▶ **Task brief**
At the line that includes "Kingfisher painting close-up", begin writing out the entries below exactly, and continue through the last line without adding anything.

▶ **Dataset records**
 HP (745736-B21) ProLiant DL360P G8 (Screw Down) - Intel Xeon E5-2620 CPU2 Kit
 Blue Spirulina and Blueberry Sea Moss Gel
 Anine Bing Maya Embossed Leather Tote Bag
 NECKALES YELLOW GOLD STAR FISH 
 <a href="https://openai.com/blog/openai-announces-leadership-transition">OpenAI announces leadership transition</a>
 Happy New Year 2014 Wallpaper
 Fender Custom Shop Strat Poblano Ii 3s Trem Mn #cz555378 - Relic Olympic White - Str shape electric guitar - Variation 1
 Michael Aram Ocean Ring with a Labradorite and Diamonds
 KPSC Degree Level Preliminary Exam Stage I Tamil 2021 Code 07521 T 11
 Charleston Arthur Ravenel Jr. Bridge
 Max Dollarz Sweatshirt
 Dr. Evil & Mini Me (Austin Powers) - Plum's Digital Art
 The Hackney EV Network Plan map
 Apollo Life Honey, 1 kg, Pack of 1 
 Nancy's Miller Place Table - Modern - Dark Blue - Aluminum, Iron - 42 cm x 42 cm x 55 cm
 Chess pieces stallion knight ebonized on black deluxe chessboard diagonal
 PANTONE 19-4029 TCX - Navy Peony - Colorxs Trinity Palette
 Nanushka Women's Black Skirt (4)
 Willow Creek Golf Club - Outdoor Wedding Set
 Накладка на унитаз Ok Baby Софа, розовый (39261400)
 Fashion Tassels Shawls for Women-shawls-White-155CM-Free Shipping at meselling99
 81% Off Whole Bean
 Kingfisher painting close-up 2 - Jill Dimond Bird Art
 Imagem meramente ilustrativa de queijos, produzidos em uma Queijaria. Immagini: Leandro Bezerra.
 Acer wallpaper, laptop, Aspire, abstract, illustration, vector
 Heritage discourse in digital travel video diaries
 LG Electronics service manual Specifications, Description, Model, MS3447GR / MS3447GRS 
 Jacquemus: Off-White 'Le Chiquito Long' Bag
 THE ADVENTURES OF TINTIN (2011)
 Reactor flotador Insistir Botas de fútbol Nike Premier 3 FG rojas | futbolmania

▶ **Output for this task**
 Kingfisher painting close-up 2 - Jill Dimond Bird Art
 Imagem meramente ilustrativa de queijos, produzidos em uma Queijaria. Immagini: Leandro Bezerra.
 Acer wallpaper, laptop, Aspire, abstract, illustration, vector
 Heritage discourse in digital travel video diaries
 LG Electronics service manual Specifications, Description, Model, MS3447GR / MS3447GRS 
 Jacquemus: Off-White 'Le Chiquito Long' Bag
 THE ADVENTURES OF TINTIN (2011)
 Reactor flotador Insistir Botas de fútbol Nike Premier 3 FG rojas | futbolmania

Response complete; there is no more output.